可信的大型语言模型（llm）继承了道德准则，以防止产生有害的内容，而恶意的llm被设计成能够产生不道德和有毒的响应。可信的和恶意的llm分别根据开发人员和攻击者的需求在不同的上下文中使用护栏。我们通过进行实证分析来评估使用提示的护栏的有效性，探索了法学硕士护栏实施的多方面世界。我们的研究结果表明，部署在可信llm中的护栏可以通过使用“假装”和“坚持”等即时操纵技术来绕过，从而产生有害内容。此外，我们还发现恶意llm仍然部署薄弱的护栏，通过生成类似人类的内容来逃避检测。这一实证分析为恶意和可信llm的设计提供了见解。我们还提出了在设计llm时防止即时操纵和护栏绕过的建议。

本文章由计算机程序翻译，如有差异，请以英文原文为准。

查看原文本刊更多论文

The Unprecedented Surge in Generative AI: Empirical Analysis of Trusted and Malicious Large Language Models (LLMs)
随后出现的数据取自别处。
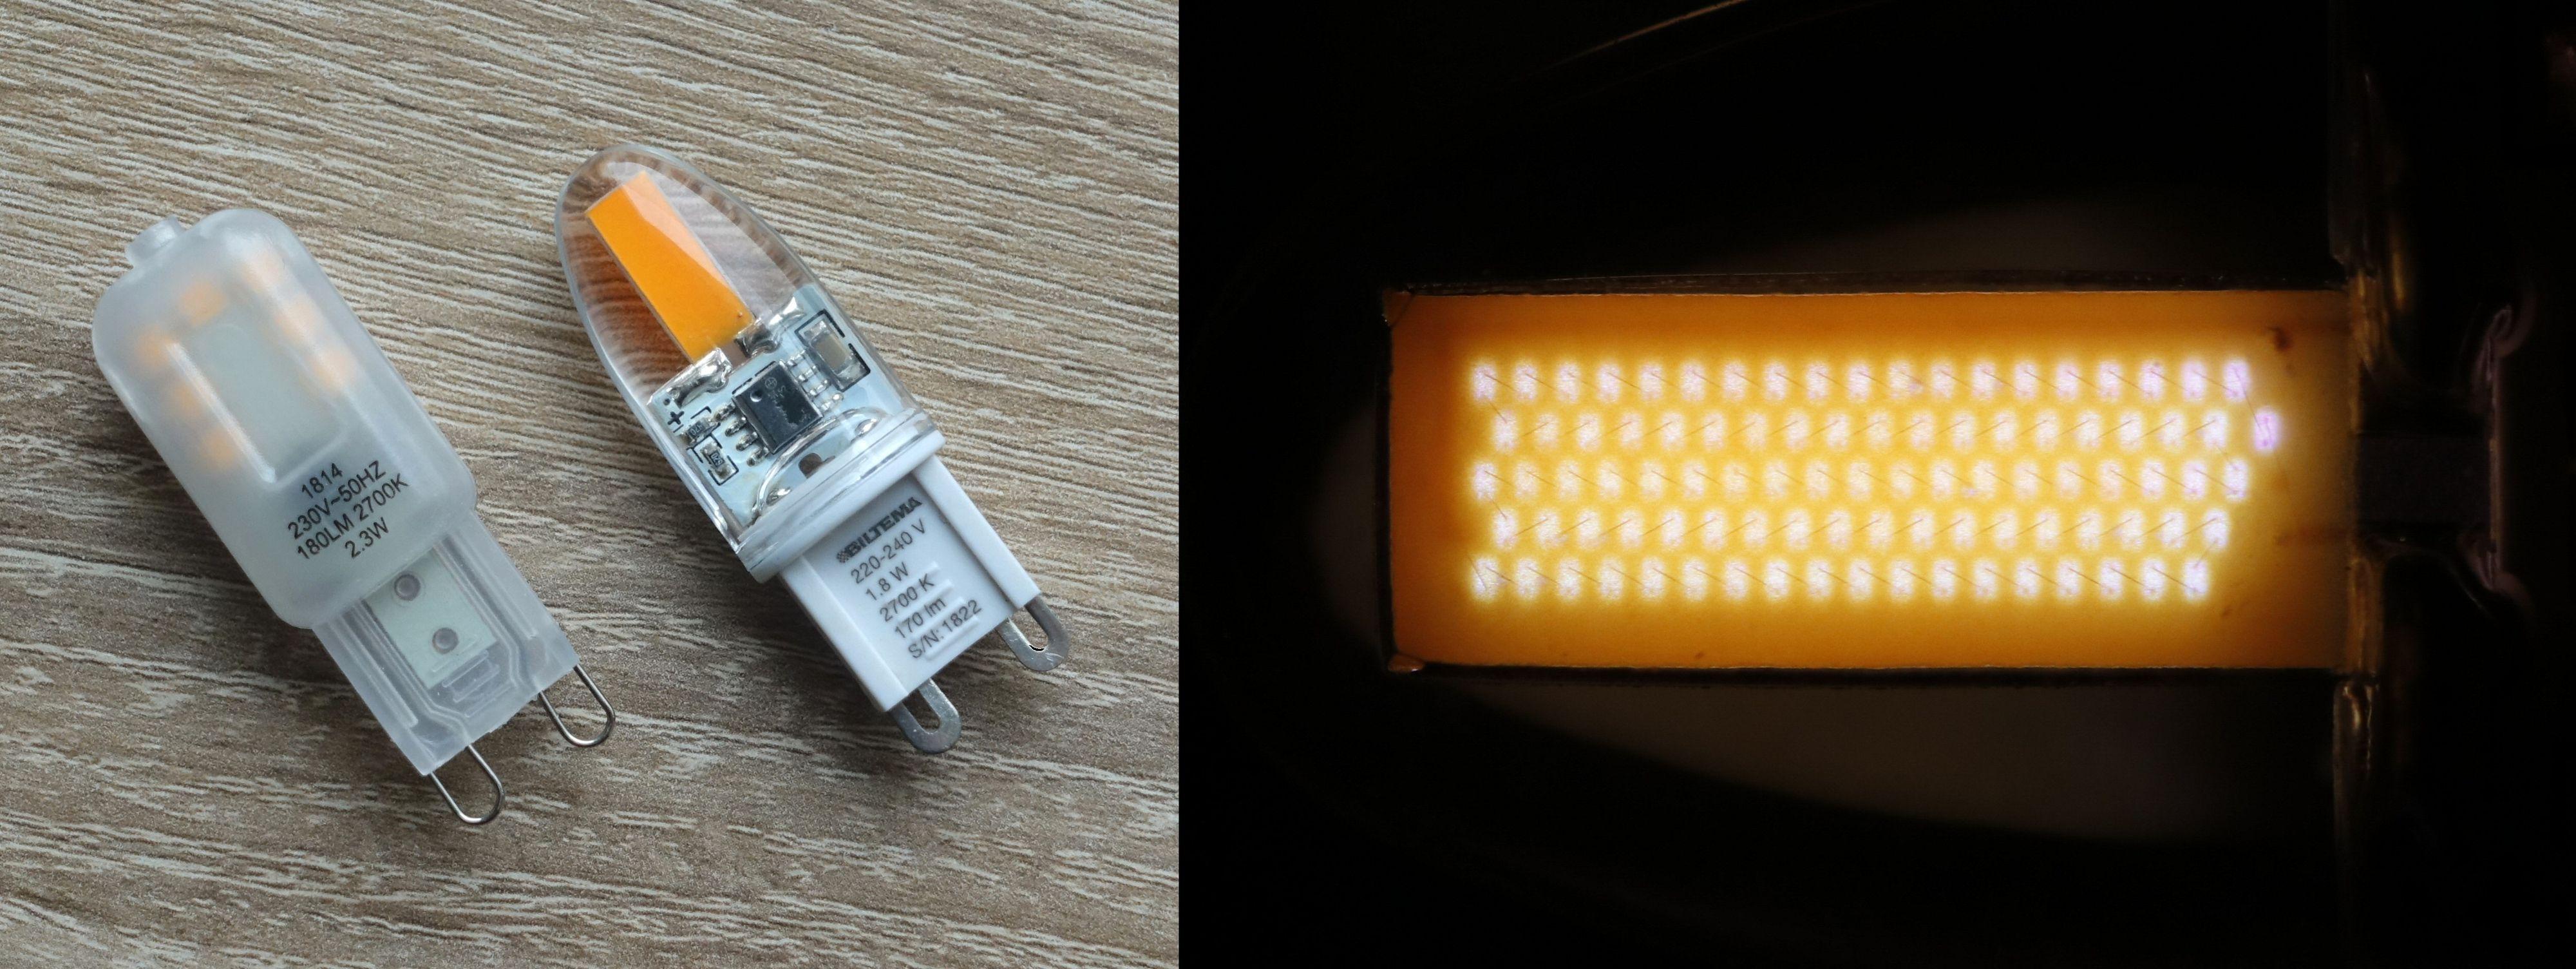 For G9-pæren med SMD-teknologi til venstre kan vi enkelt telle 7 LED-brikker under plastskallet. For pæren til høyre ser det først ut som den bare har et stort «LED-felt», men dette er faktisk en lang serie med små dioder lagd med COG-teknologi. I makrobildet til høyre kan vi både telle dem og se at de har forbindelse med hverandre.
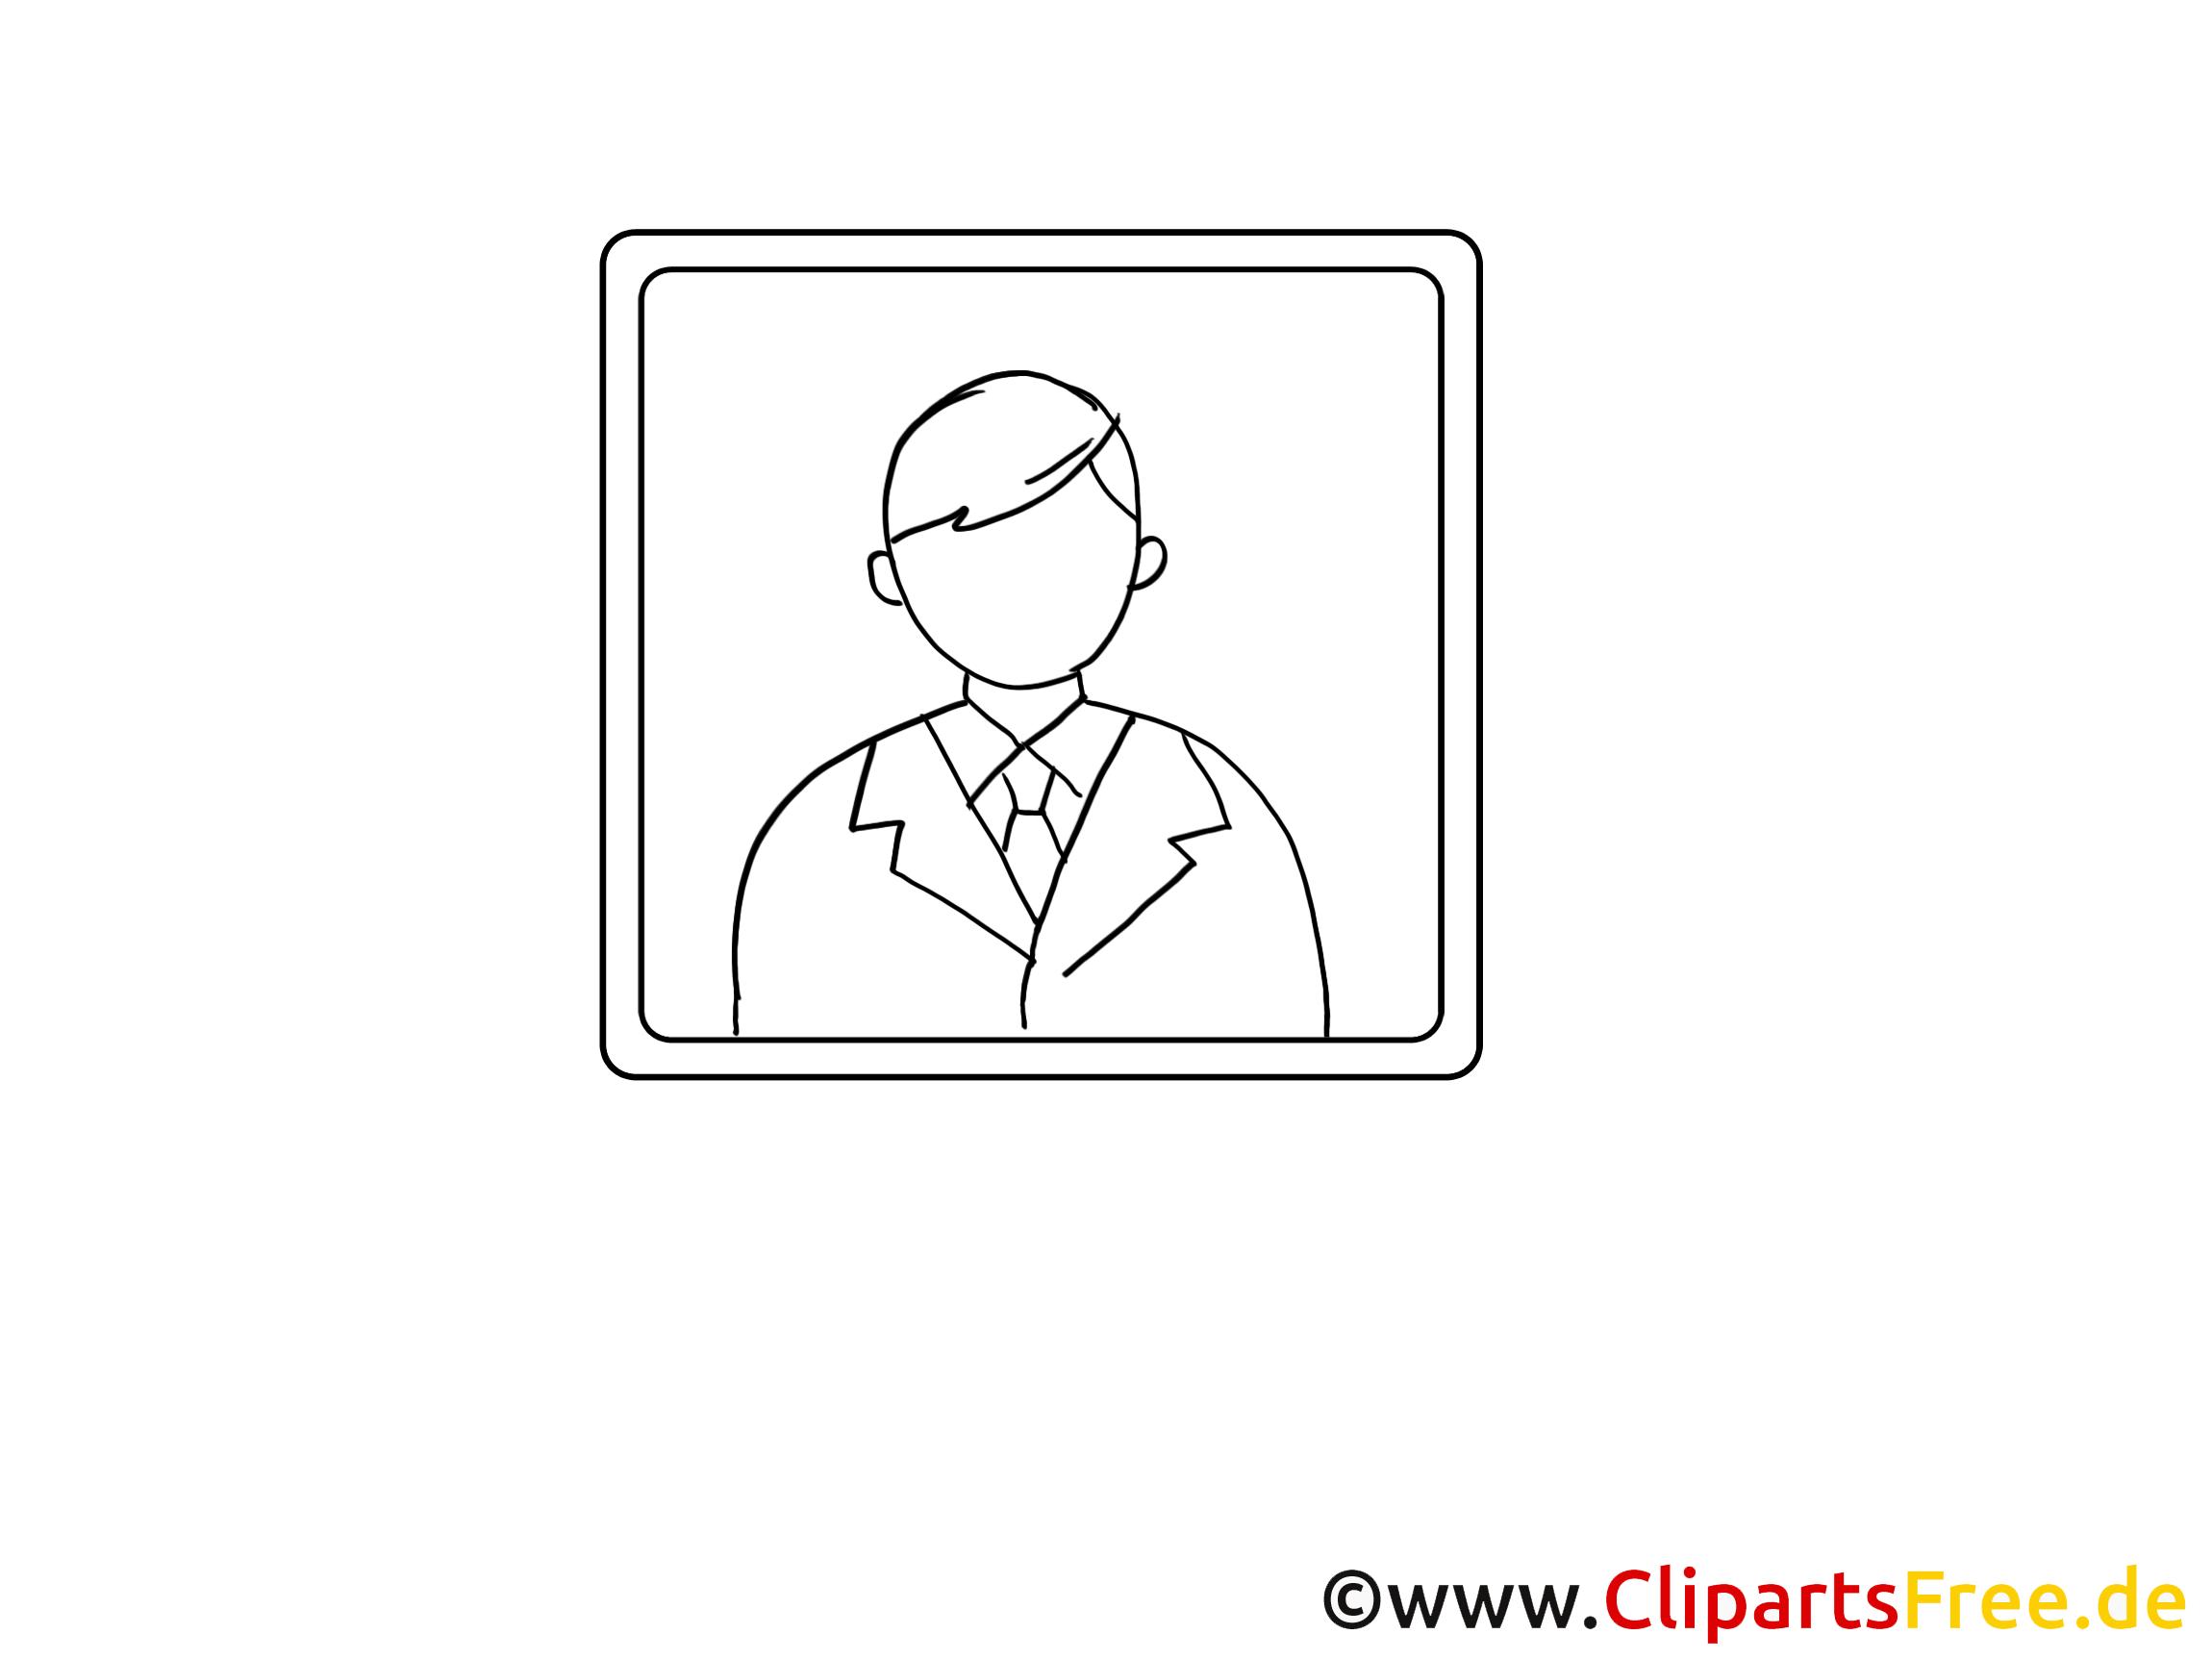 Homme images - Icône dessins gratuits

Trusted large language models (LLMs) inherit ethical guidelines to prevent generating harmful content, whereas malicious LLMs are engineered to enable the generation of unethical and toxic responses. Both trusted and malicious LLMs use guardrails in differential contexts per the requirements of the developers and attackers, respectively. We explore the multifaceted world of guardrails implementation in LLMs by conducting an empirical analysis to assess the effectiveness of guardrails using prompts. Our results revealed that guardrails deployed in the trusted LLMs could be bypassed using prompt manipulation techniques such as “pretend” and “persist” to generate harmful content. In addition, we also discovered that malicious LLMs still deploy weak guardrails to evade detection by generating human-like content. This empirical analysis provides insights into the design of the malicious and trusted LLMs. We also propose recommendations to defend against prompt manipulation and guardrails bypass while designing LLMs.

求助全文

通过发布文献求助，成功后即可免费获取论文全文。去求助

来源期刊

IEEE Technology and Society Magazine 工程技术-工程：电子与电气

CiteScore

3.00

自引率

13.60%

发文量

审稿时长

>12 weeks

期刊介绍： IEEE Technology and Society Magazine invites feature articles (refereed), special articles, and commentaries on topics within the scope of the IEEE Society on Social Implications of Technology, in the broad areas of social implications of electrotechnology, history of electrotechnology, and engineering ethics.